Problem requirements:
With pictures left out, output exactly the lines of the listing below from the line that has "Kaliningrad, Russia. 18th" to the line that has "A charming early", both lines kept.

Provided records:
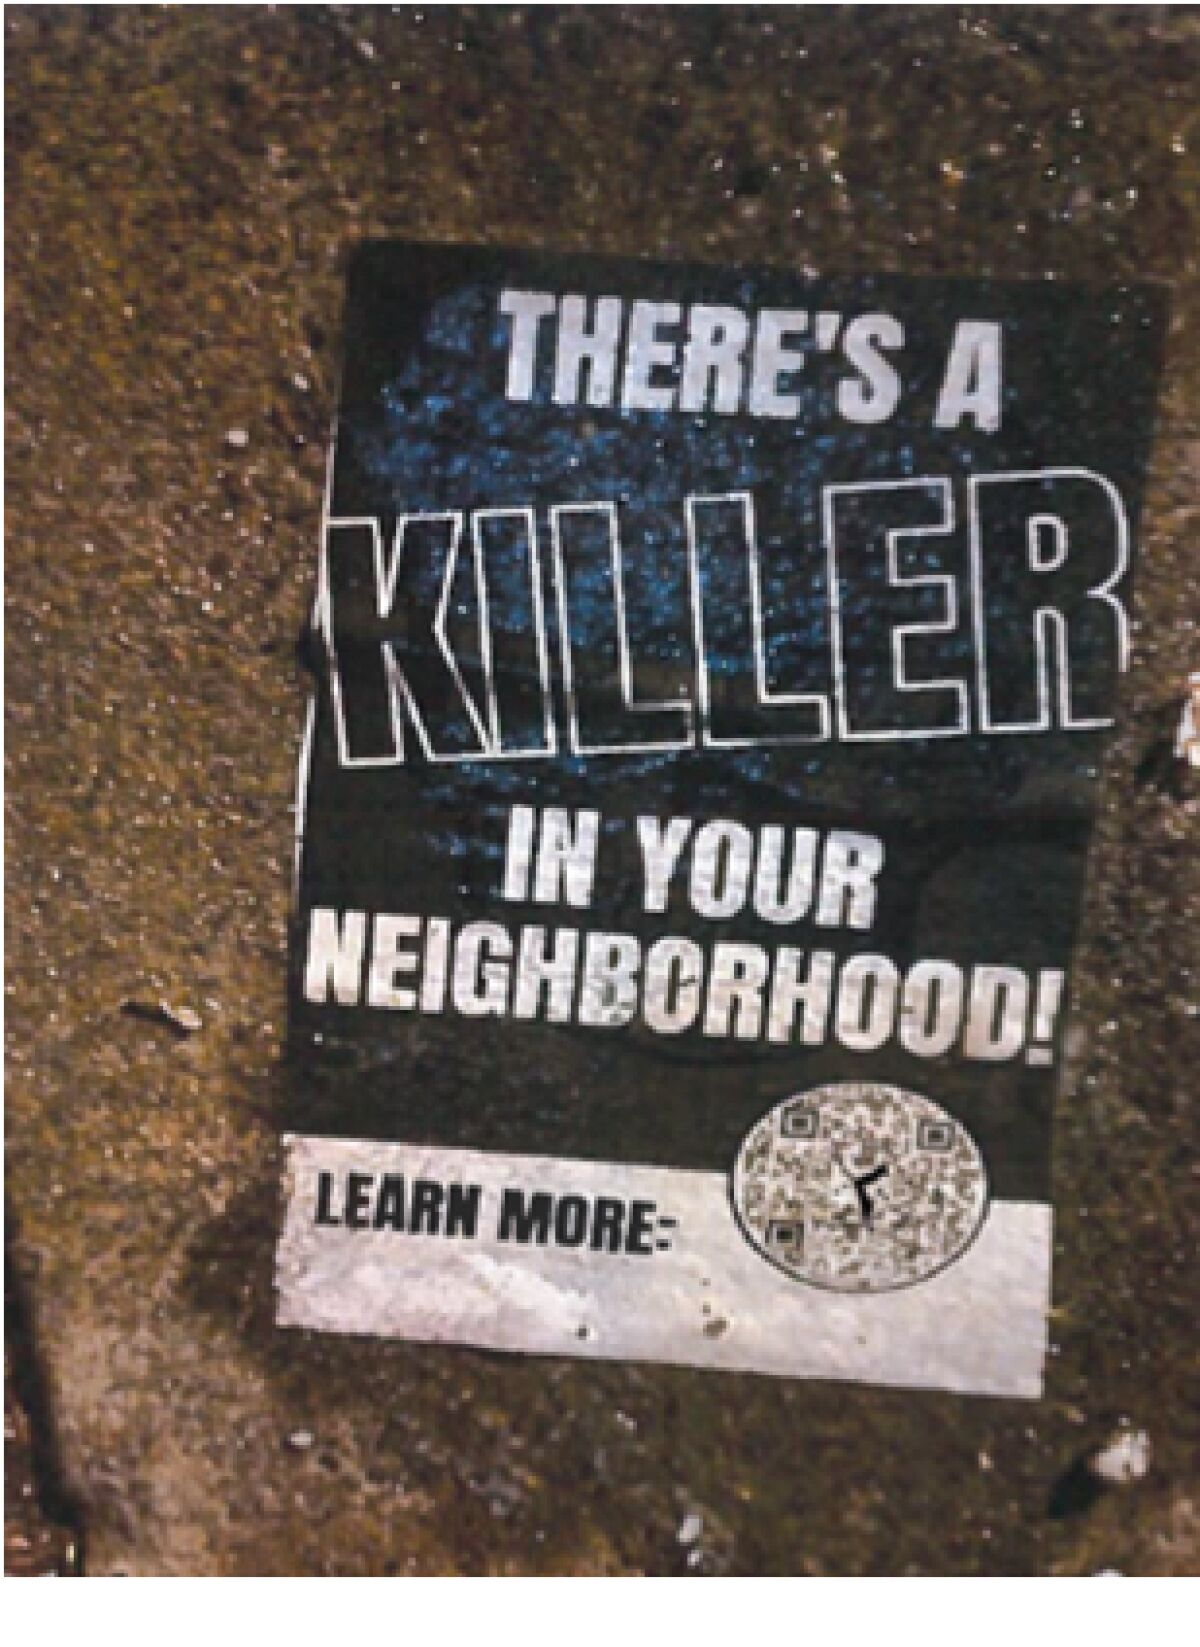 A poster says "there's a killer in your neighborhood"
--
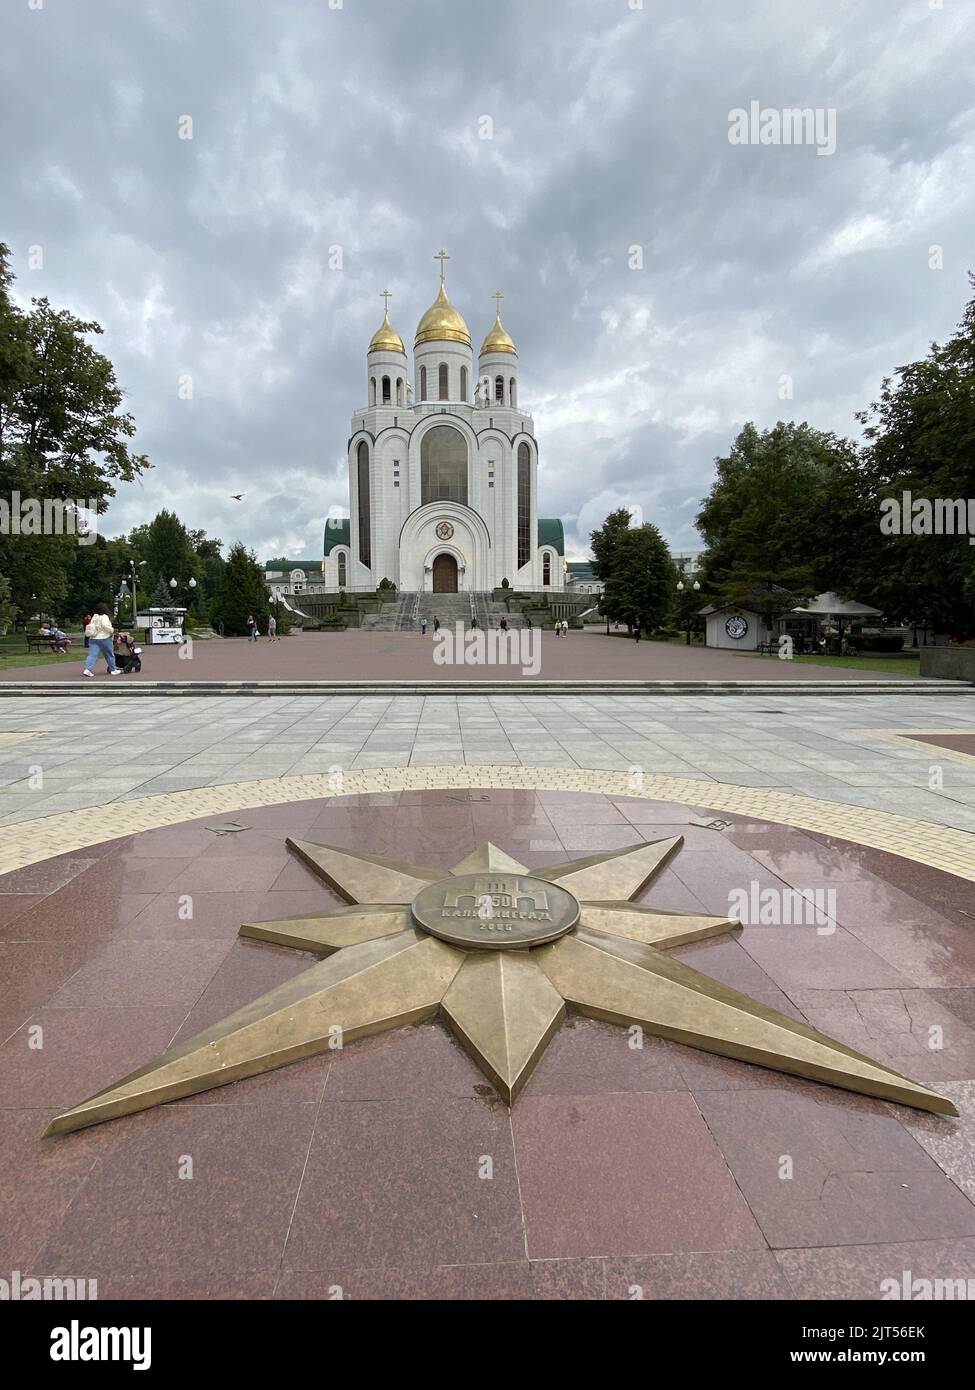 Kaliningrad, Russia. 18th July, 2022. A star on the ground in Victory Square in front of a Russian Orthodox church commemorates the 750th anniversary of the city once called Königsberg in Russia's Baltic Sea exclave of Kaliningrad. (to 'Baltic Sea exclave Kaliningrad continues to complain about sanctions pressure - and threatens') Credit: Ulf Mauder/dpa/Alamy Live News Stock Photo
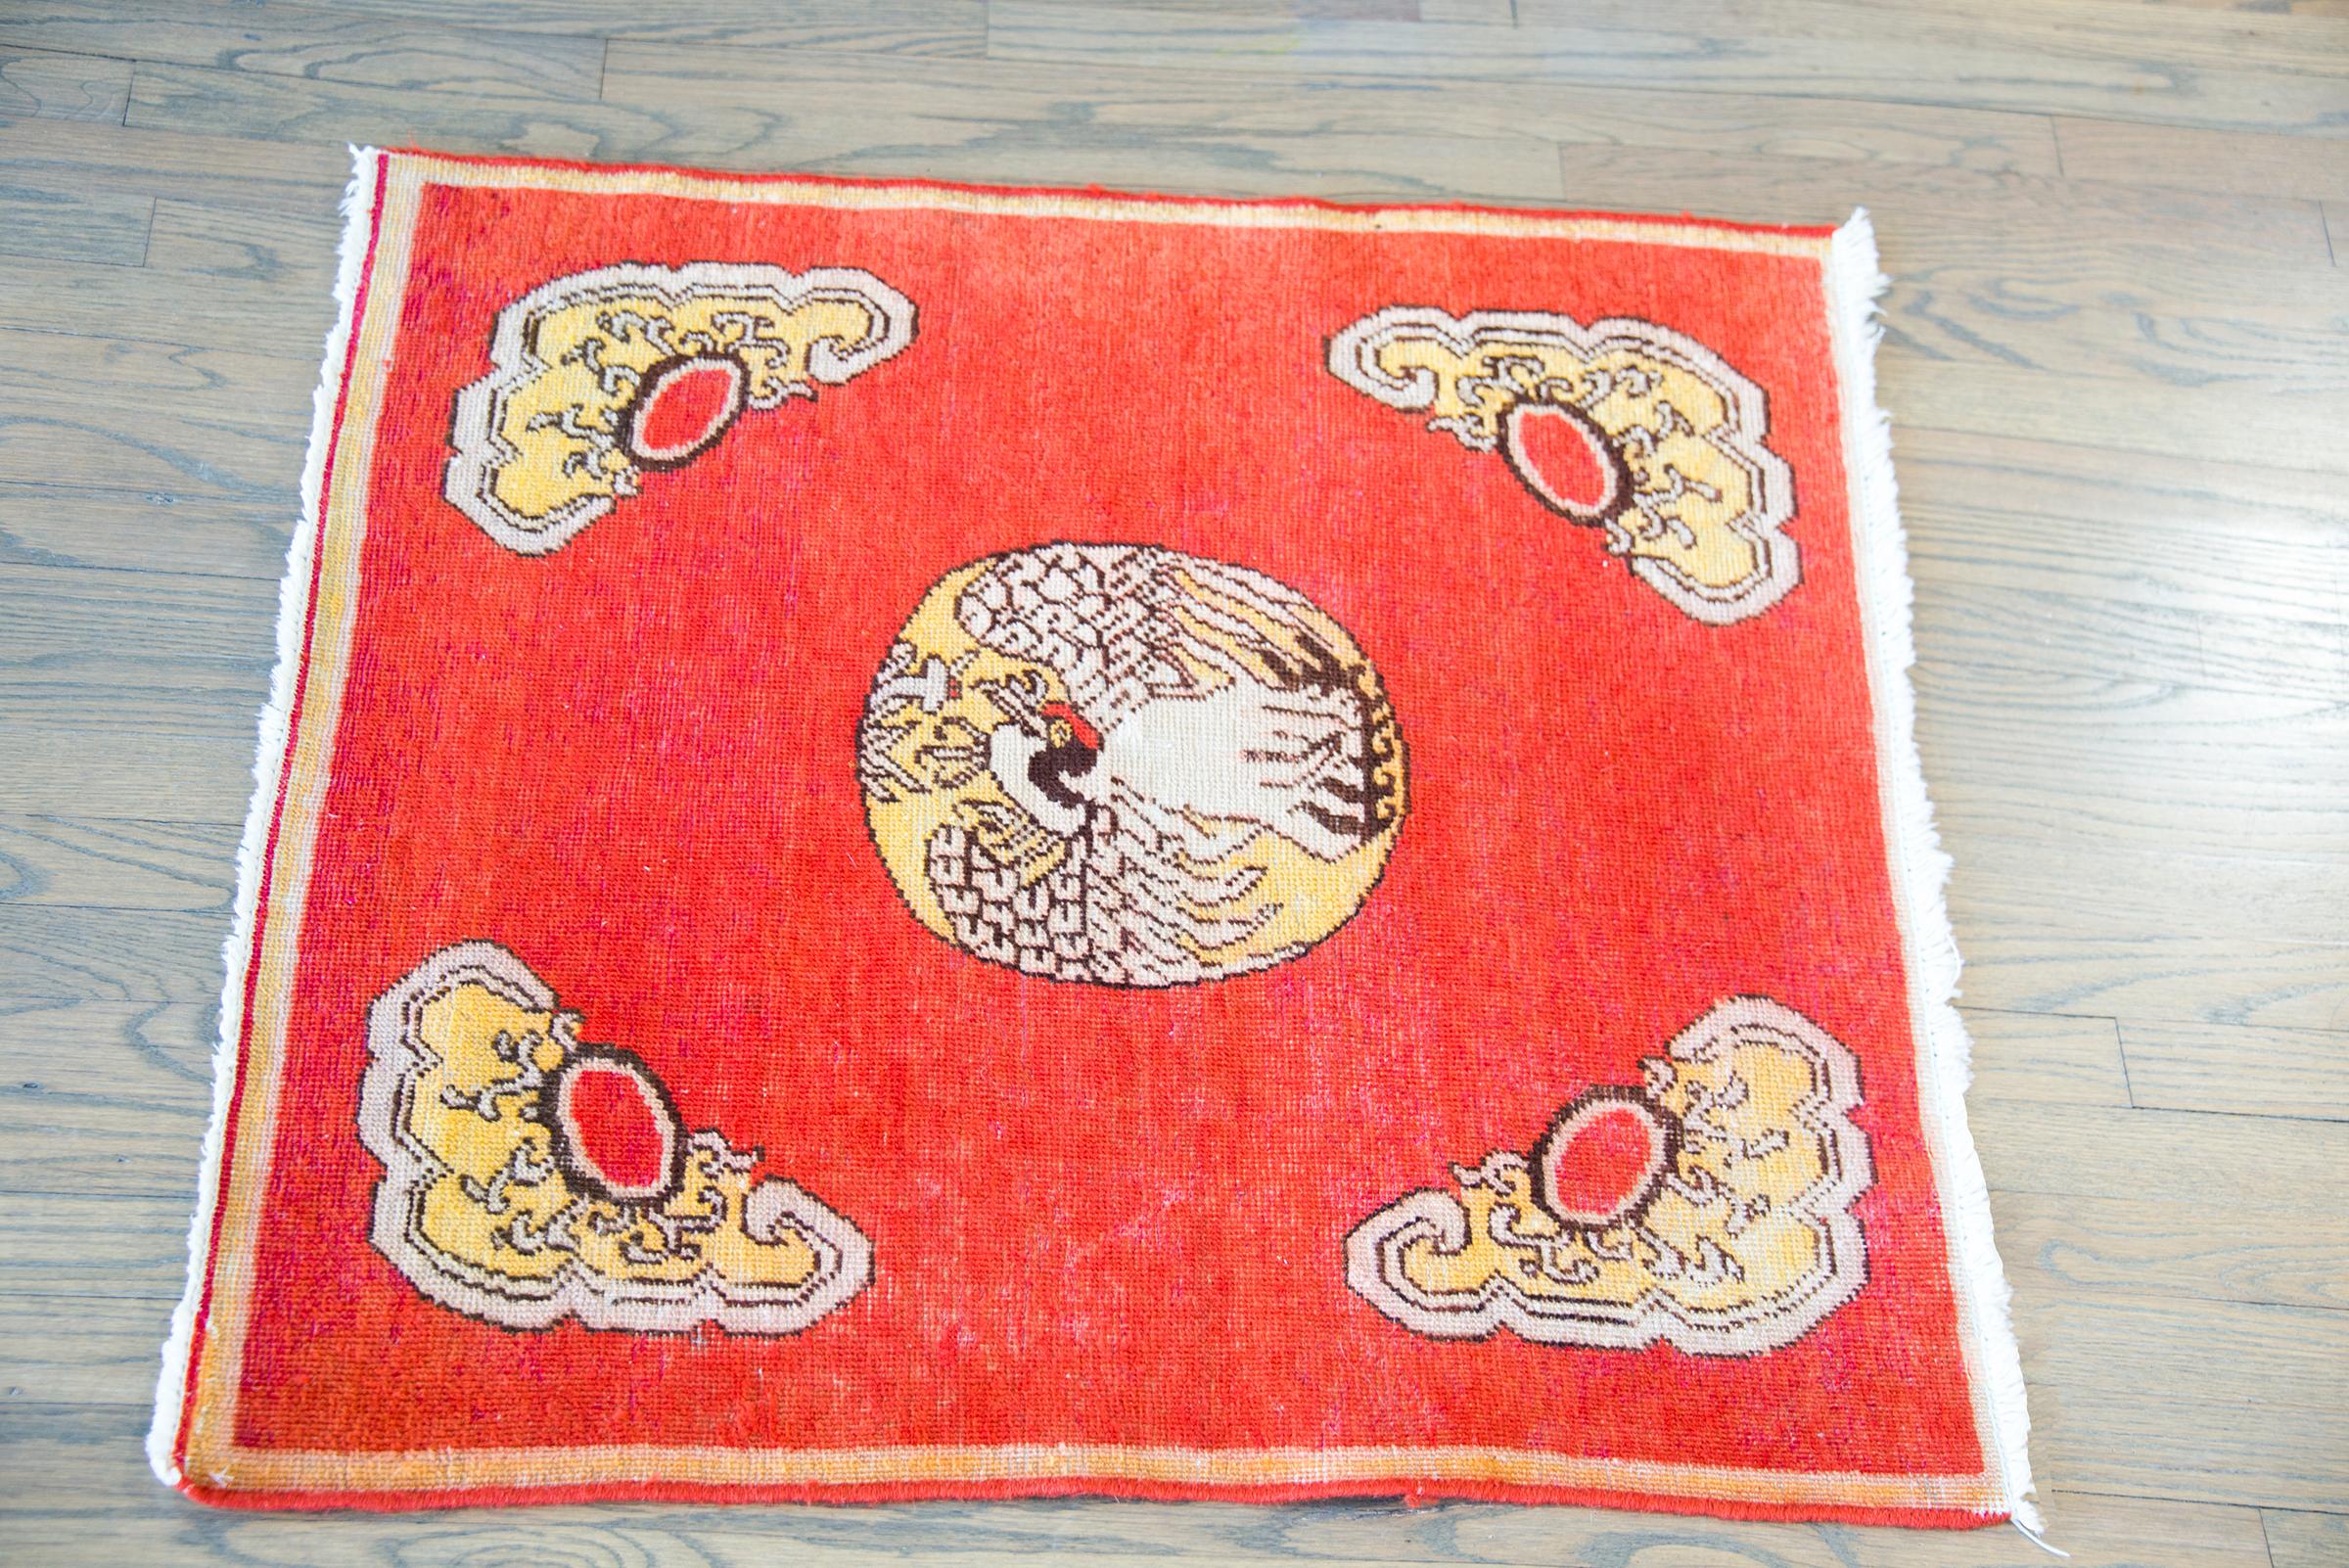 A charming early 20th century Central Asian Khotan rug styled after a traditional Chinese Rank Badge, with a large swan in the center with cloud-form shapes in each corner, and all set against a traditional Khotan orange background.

Solution to this task:
 Kaliningrad, Russia. 18th July, 2022. A star on the ground in Victory Square in front of a Russian Orthodox church commemorates the 750th anniversary of the city once called Königsberg in Russia's Baltic Sea exclave of Kaliningrad. (to 'Baltic Sea exclave Kaliningrad continues to complain about sanctions pressure - and threatens') Credit: Ulf Mauder/dpa/Alamy Live News Stock Photo
 A charming early 20th century Central Asian Khotan rug styled after a traditional Chinese Rank Badge, with a large swan in the center with cloud-form shapes in each corner, and all set against a traditional Khotan orange background.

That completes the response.